Four Over-the-Top Employee Retention Tricks
Life + Money

Four Over-the-Top Employee Retention Tricks

An ad agency in Minneapolis has found an uncommon way to get its employees to work harder. 

Colle+McVoy has built the TapServer, a keg machine that dispenses beer. Workers simply scan their magnetic card and the machine unlocks for those who have completed all their tasks and filled out their timesheets--on time. 

Related: The New Workplace Trend: Smartphone Mini-Vacations 

 “The multi-keg beer deployment system uses RFID and custom-written software to verify whether you’ve stopped being a lazy git, finished your timesheets and earned your free pint,” reported AdWeek earlier this month.  (Hopefully most are taking public transportation!) 

This is not the only company going out of its way to motivate employees to work harder. It’s well known that companies including Google and other tech companies have free food or nap rooms available to workers. 

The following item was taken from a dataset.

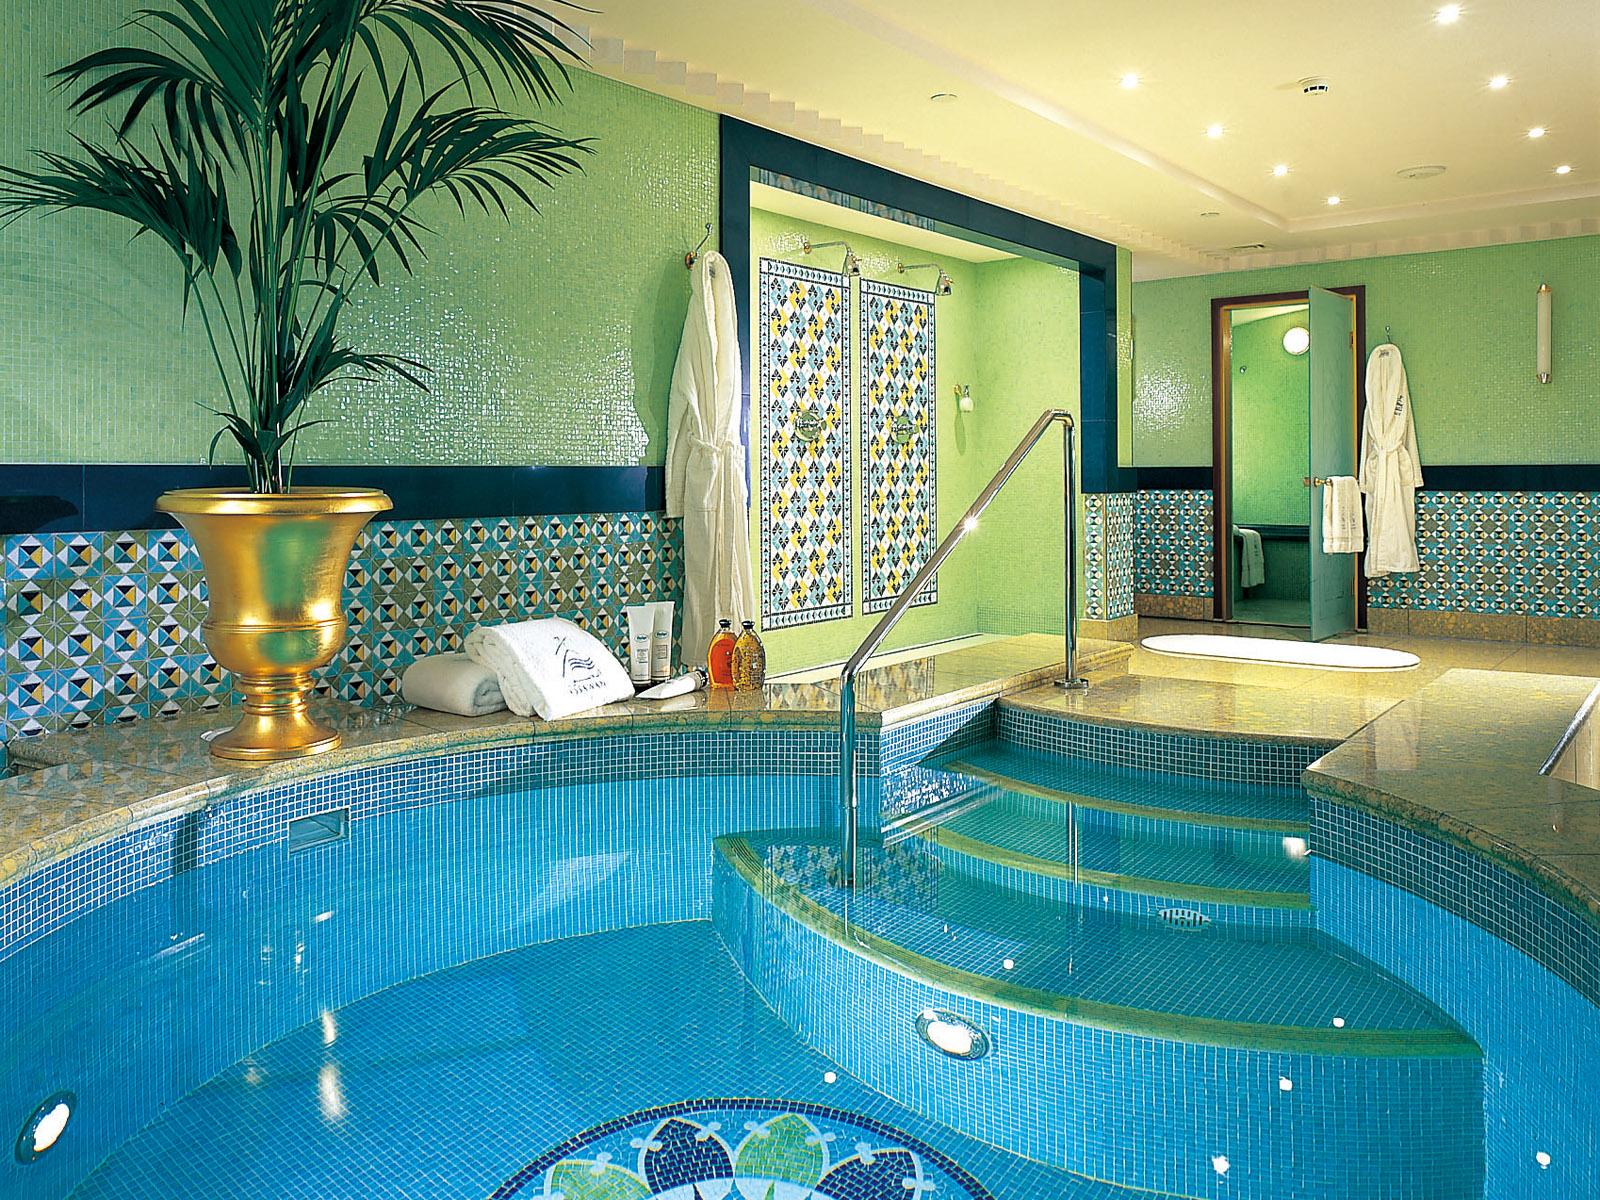 Luxury Life Design The World 39 S Only 7 Star Hotel Burj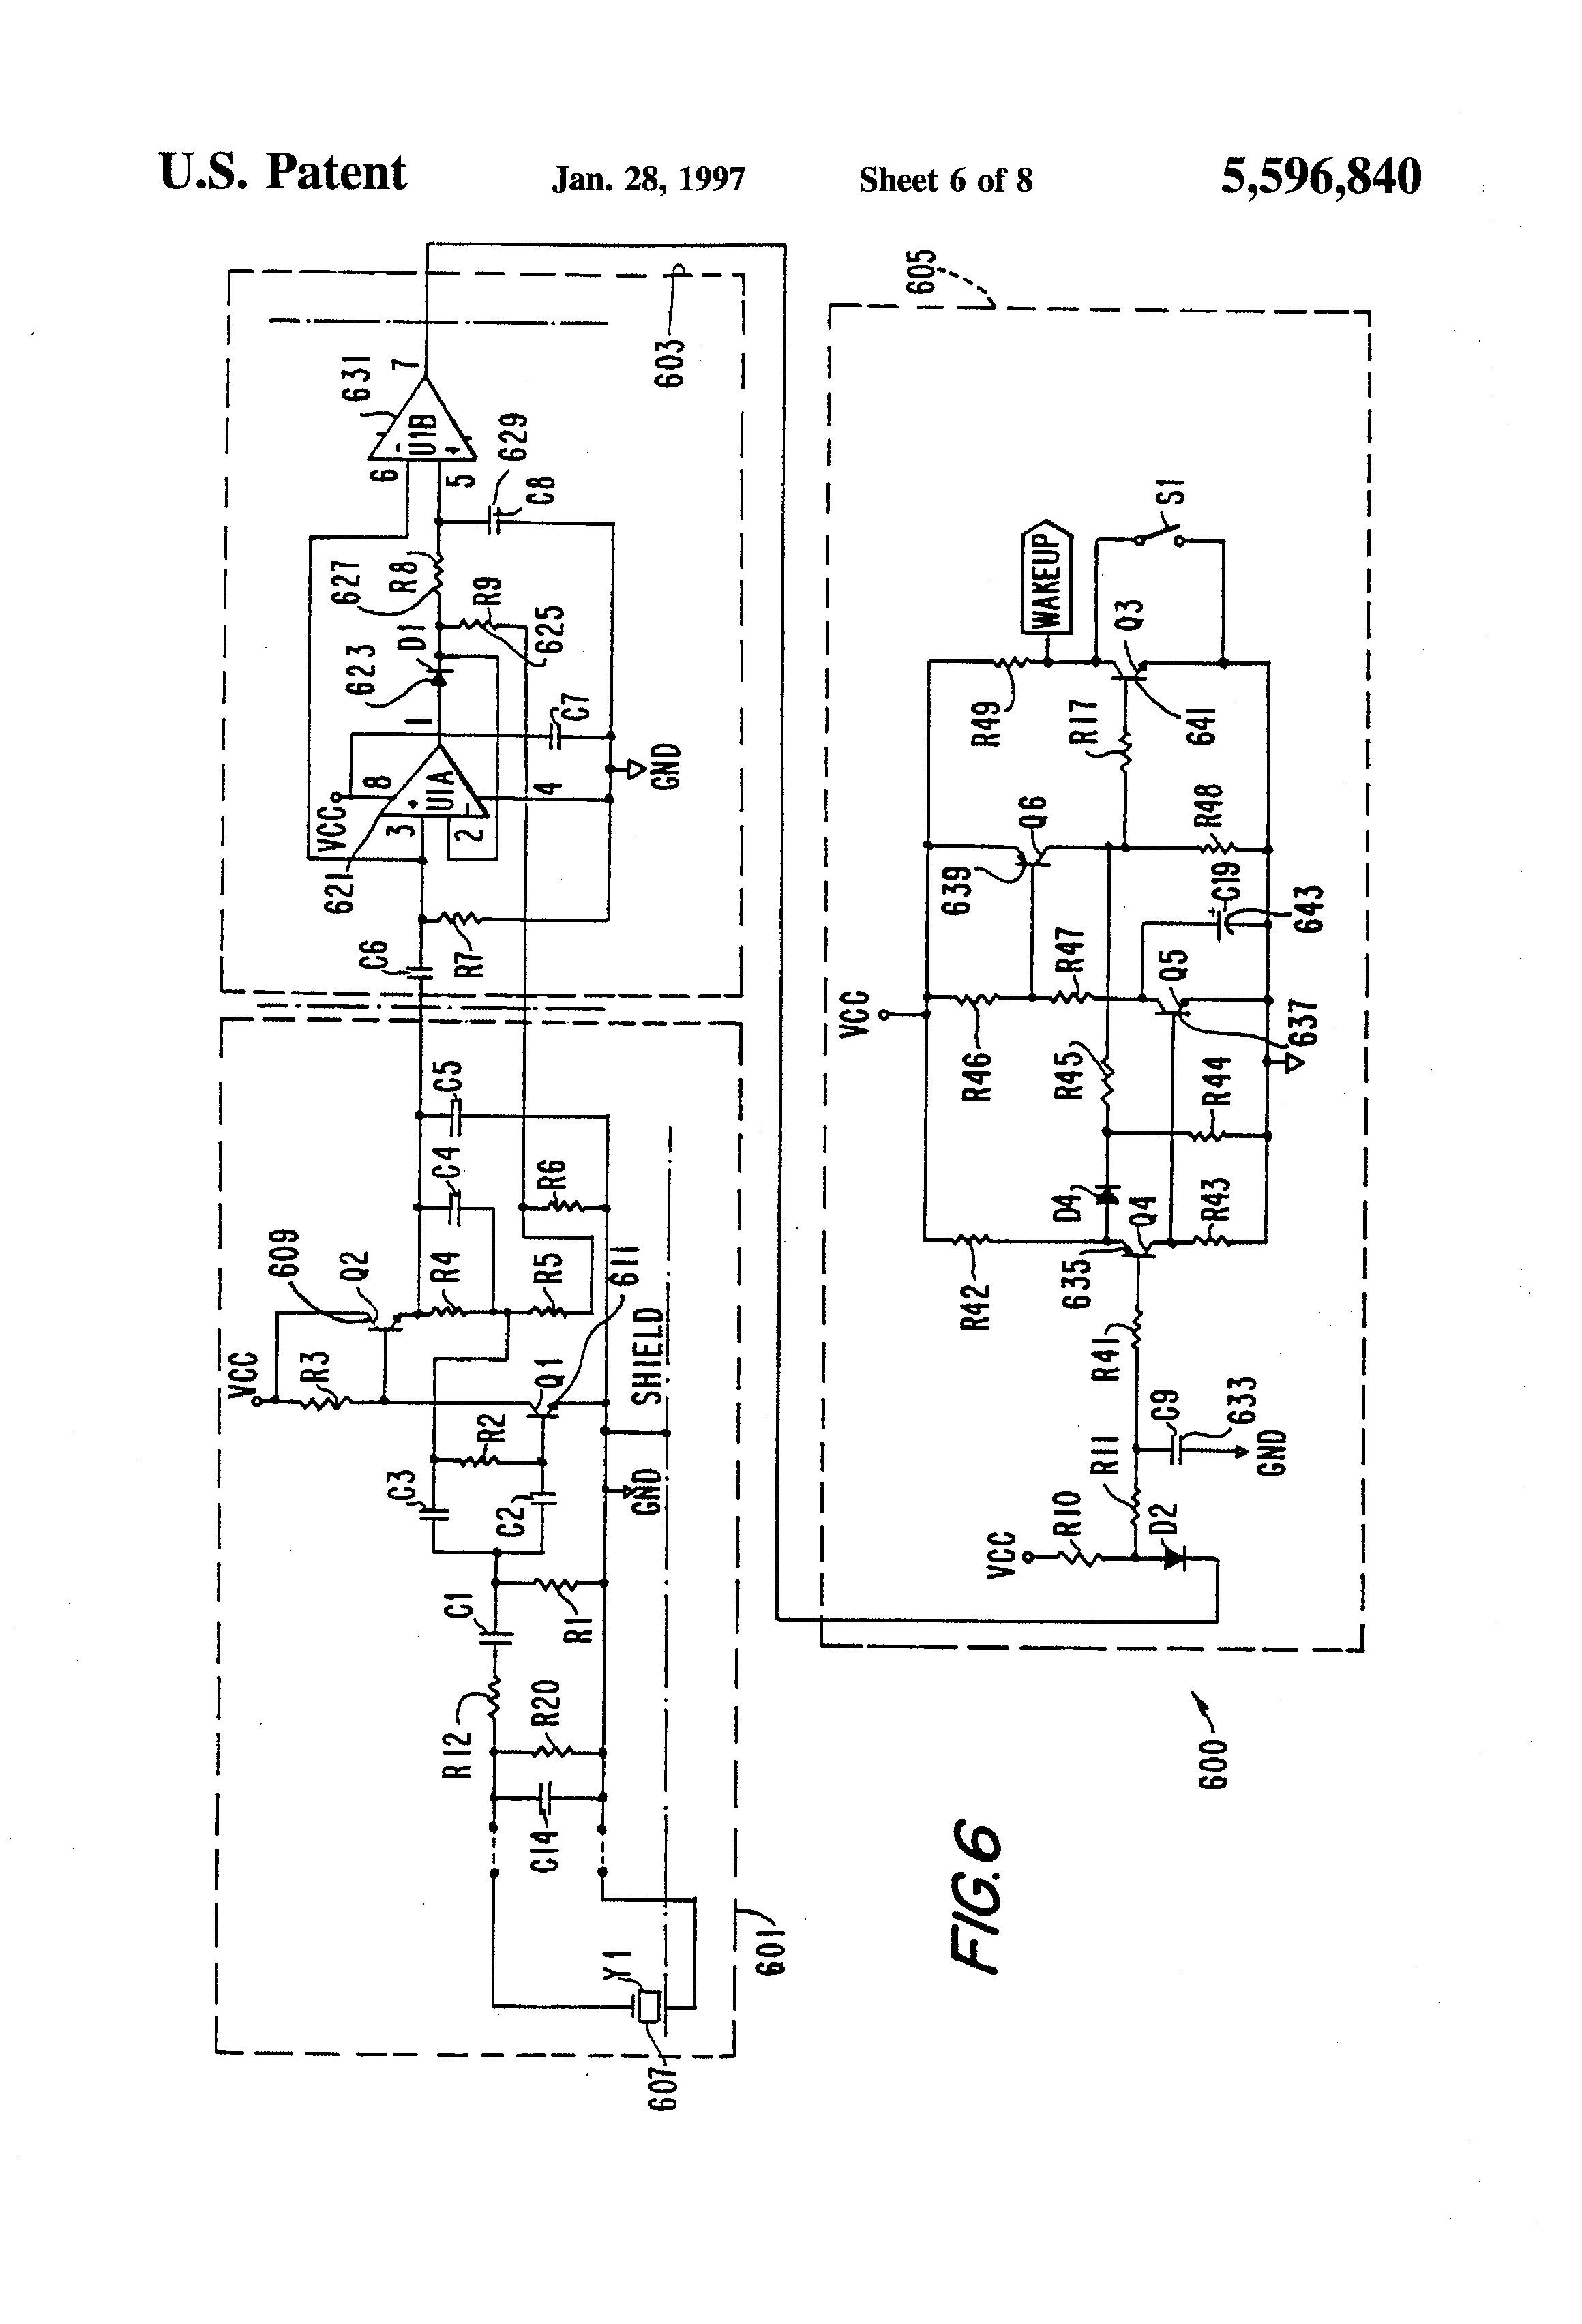 Genie Garage Door Sensor Wiring Diagram Free Picture   Manual E-Books - Genie Garage Door Sensor Wiring Diagram

Recently, some companies have come up with much more out-of-the-ordinary perks to motivate employees: 

Lunch in the woods. Twitter added two century-old Montana log cabins to its San Francisco headquarters in April. The cabins serve as lunchrooms and office space. 

“For Twitter, it’s just not something you can buy out of a catalog,” Olle Lundberg, whose firm designed the project, told the San Francisco Chronicle. “It helps to personalize and humanize the space.” 

Egg freezing. Apple and Facebook captured attention earlier this month when they said they would help female employees pay to freeze their eggs. 

“We want to empower women at Apple to do the best work of their lives as they care for loved ones and raise their families,” Apple said in a statement. 

Related: How Men and Women Differ in the Workplace 

Cars and diamonds. The generous boss of an Indian diamond polishing company has rewarded his more than 1,200 employees with cars, apartments and jewelry to celebrate early the Indian holiday of Diwali, the Guardian reported last week

“It’s a refund of sorts to those who have stayed with us and helped improve our products,” the CEO told the British newspaper. “I know what it is like to have needs. When a worker is happy, he can do anything at all for you.”